It’s unclear how Russia would send additional troops to Moldova given that the country is wedged between Ukraine – which has proven itself adept at shooting Russian warplanes out of the sky – and Romania, a member of NATO.

Mr. Podolyak said Moscow would benefit from any unrest in Moldova because it would stir concerns in Europe that the war in Ukraine was spilling beyond its borders, potentially creating fresh pressure on Kyiv to begin peace negotiations. Mr. Zelensky has repeatedly said there is nothing to discuss with Mr. Putin until all Russian troops have left Ukrainian soil.

Russia currently occupies about 15 per cent of Ukraine’s territory, nearly all of it in five regions in the east and south that Mr. Putin claims to have annexed. The front line has changed little since November, despite high daily losses on both sides.

“They are trying to distract Europe by creating another unstable region, to make them so scared that Europe will say: ‘The war in Ukraine must stop immediately because it’s spreading chaos,’ ” Mr.
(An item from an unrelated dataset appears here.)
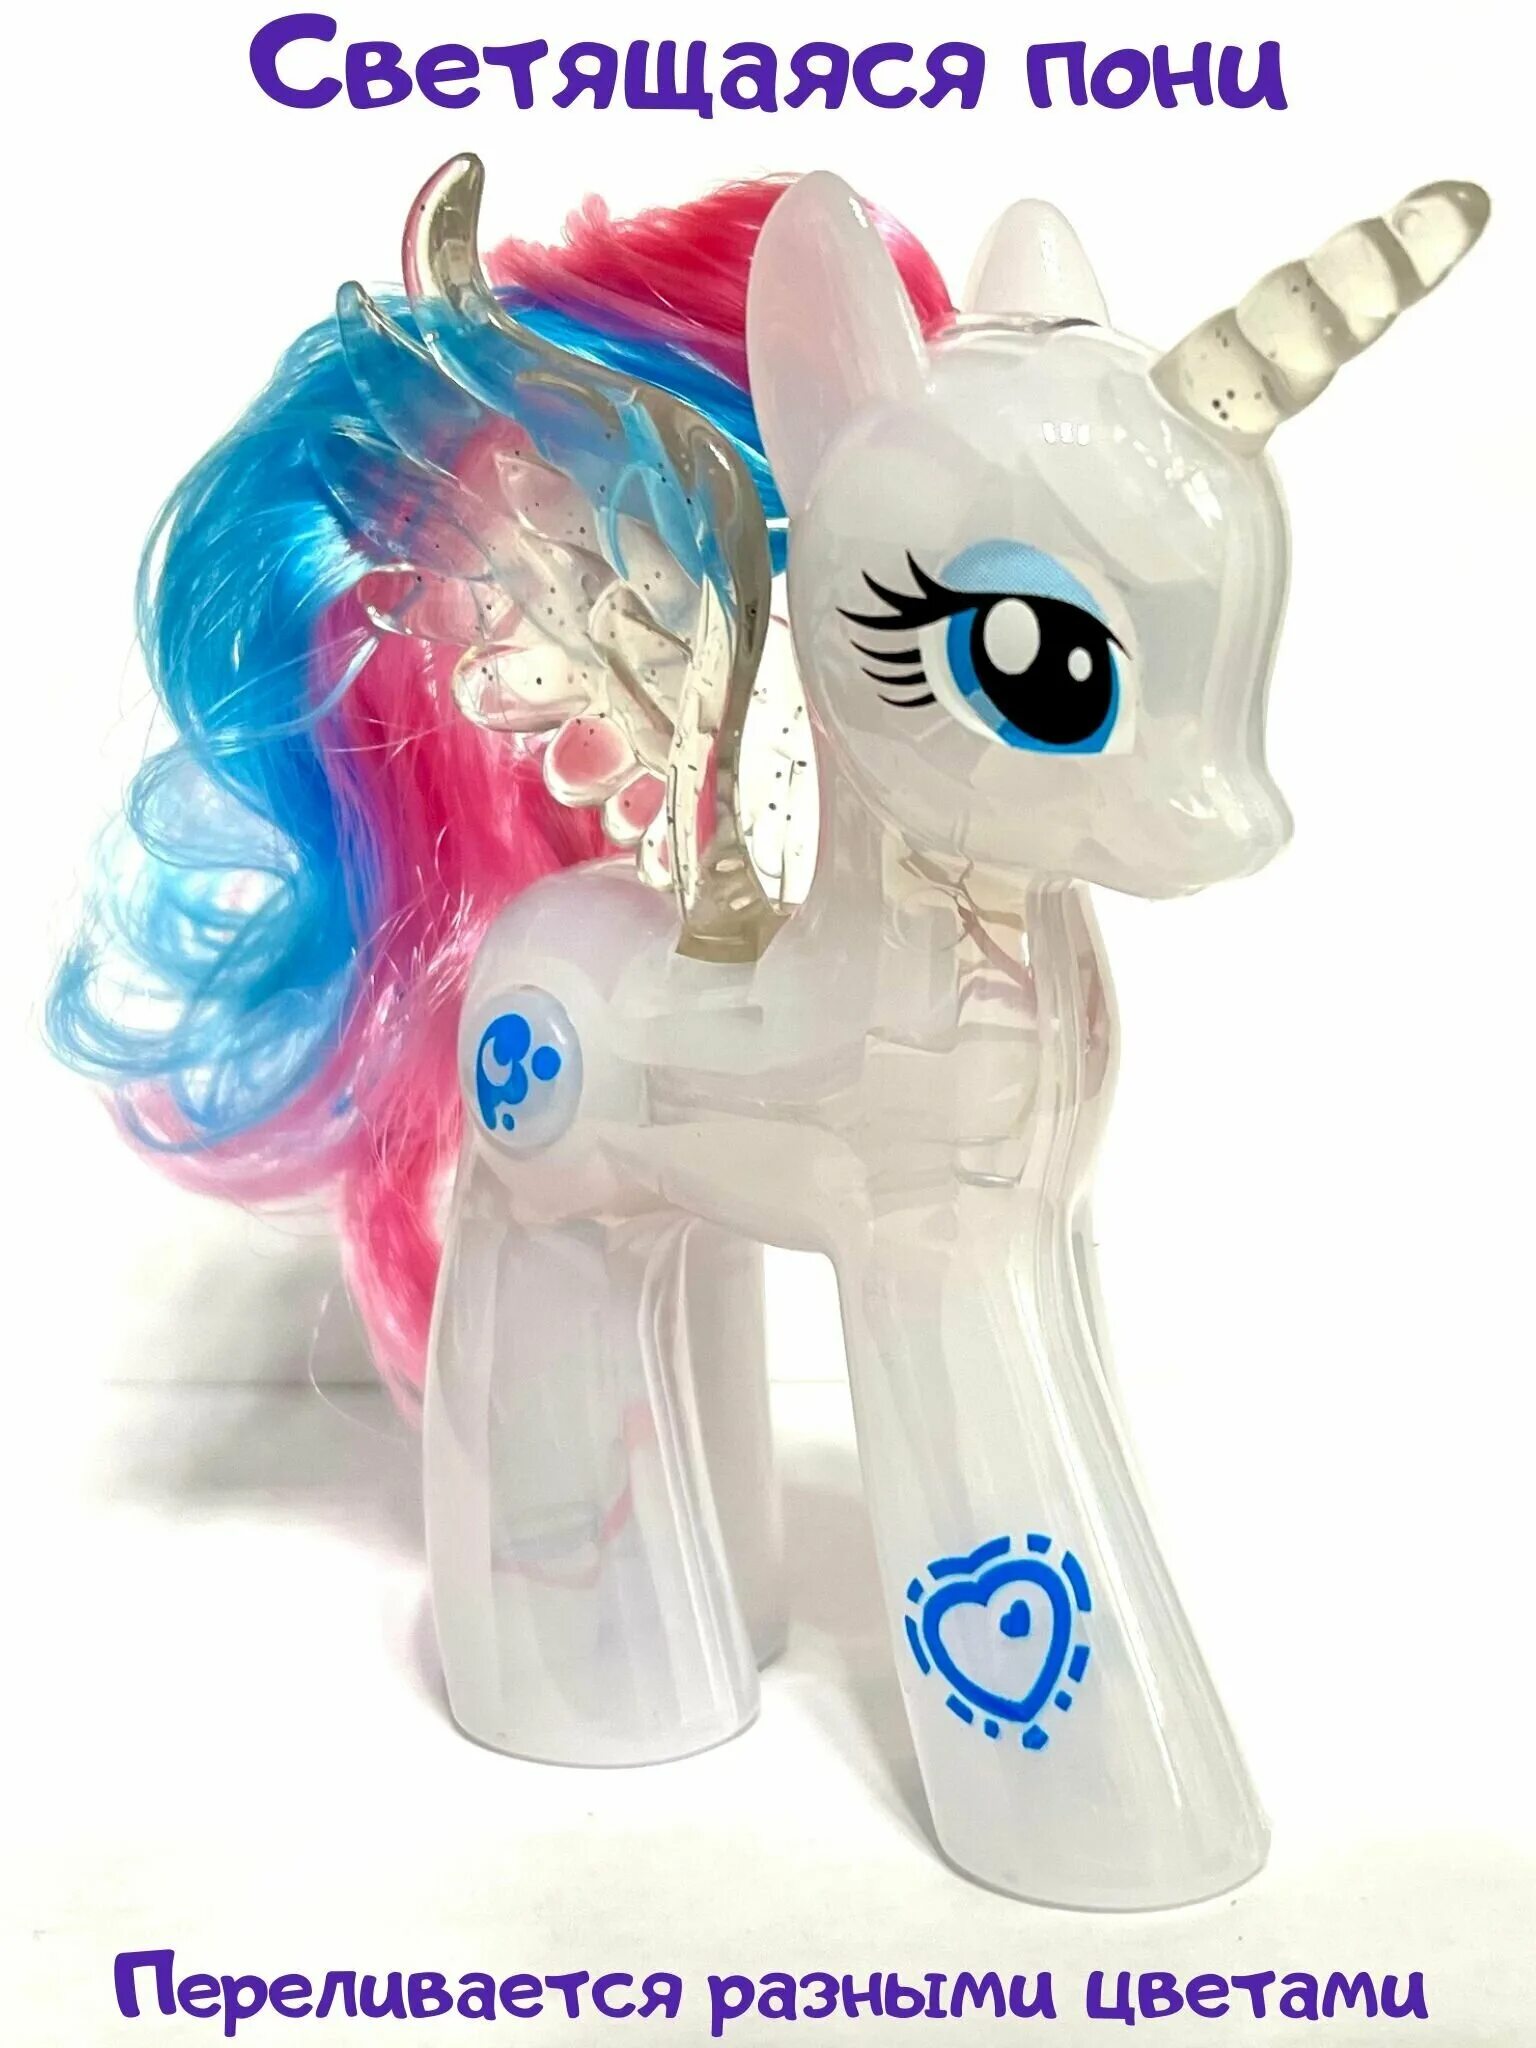 Светящихся пони. Светящаяся пони игрушка. Мягкая игрушка принцесса Селестия. Брелки светящиеся лошадки. Кто светится в пони.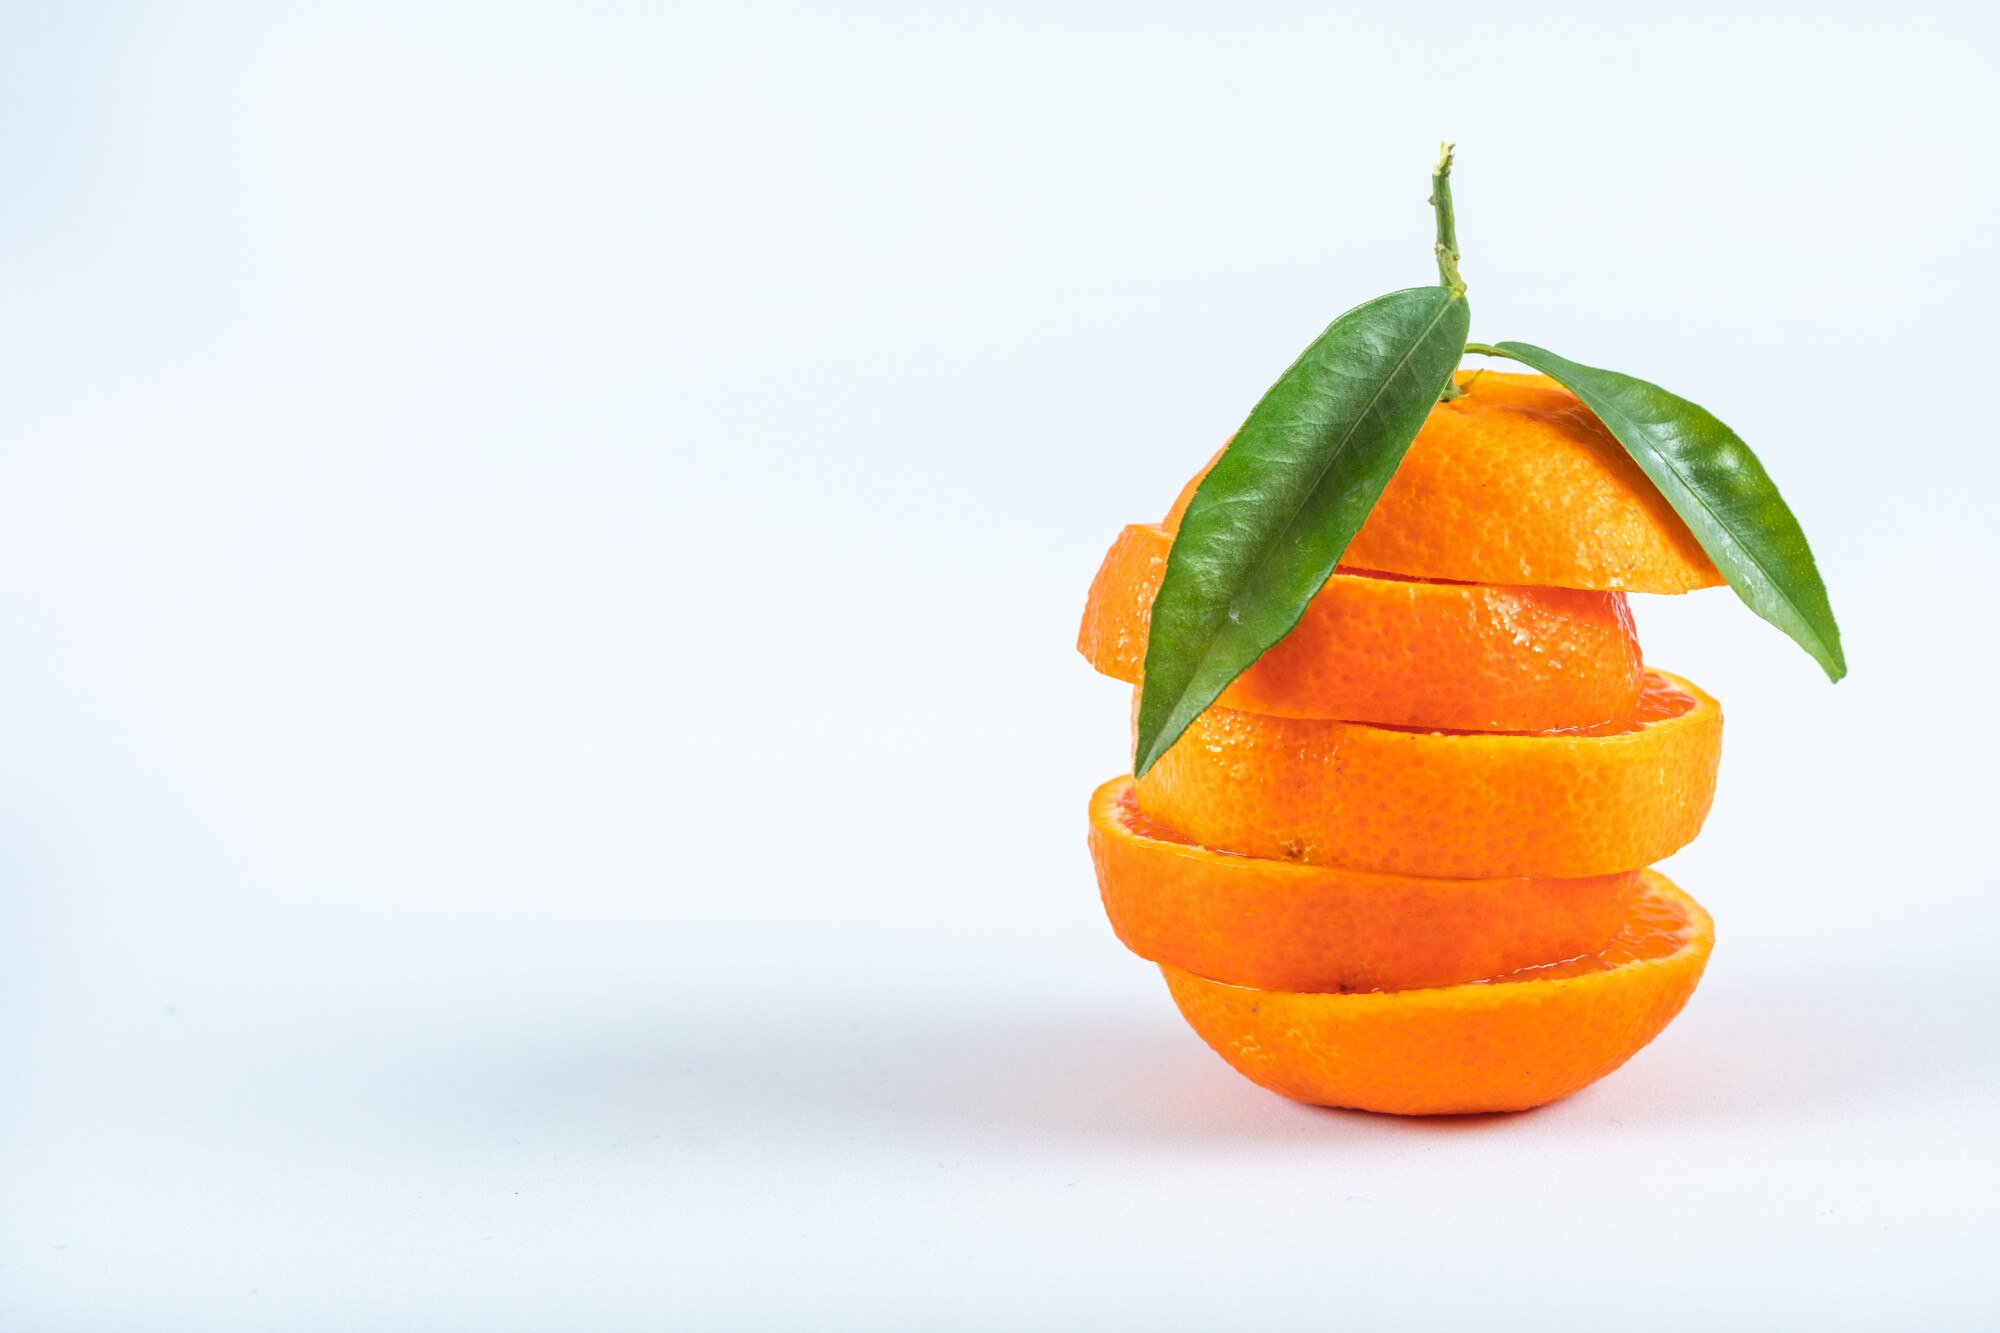 Експерти розповіли, навіщо використовувати апельсинову шкірку для розсади

Podolyak said. “This is the dream of Putin, because what he urgently needs is a ceasefire that freezes the front line in the occupied territories.”

However, Moscow says Ukraine and its allies in the West are the ones instigating tensions in Moldova, with the aim of creating a pretext to attack the Russian troops stationed in Transnistria.

“The situation is unsettled, it is being provoked, provoked from outside,” Kremlin spokesman Dmitry Peskov said Monday. “We know that our opponents in the Ukrainian regime, the Kyiv regime, as well as those in European countries, are capable of various types of provocation.”

At Tuesday’s protests in Chisinau, demonstrators – many of them apparently members of the Shor Party, which is led by pro-Russian oligarch Ilan Shor – chanted slogans about the rising cost of living in the country while demanding the government cut military spending. In one video posted to social media, protesters tore up a poster of Ms. Sandu and danced on the pieces.

Mr. Shor, who fled Moldova in 2019 after being convicted of money laundering and fraud – charges he says were politically motivated – is believed to be living in Israel. He was put on the U.S. Treasury’s list of sanctioned individuals in October over his alleged role in “Russia’s efforts to subvert Moldovan democracy.” In a 2019 election, the Shor Party won just seven seats in the country’s 101-seat parliament.

Moldova, which has a population of just 2.6 million – roughly 400,000 of whom live in the breakaway east of the country – has already been hit hard by the war next door. The country has been hosting more than 100,000 Ukrainian refugees for the past year, when its economy contracted by an estimated 4.7 per cent.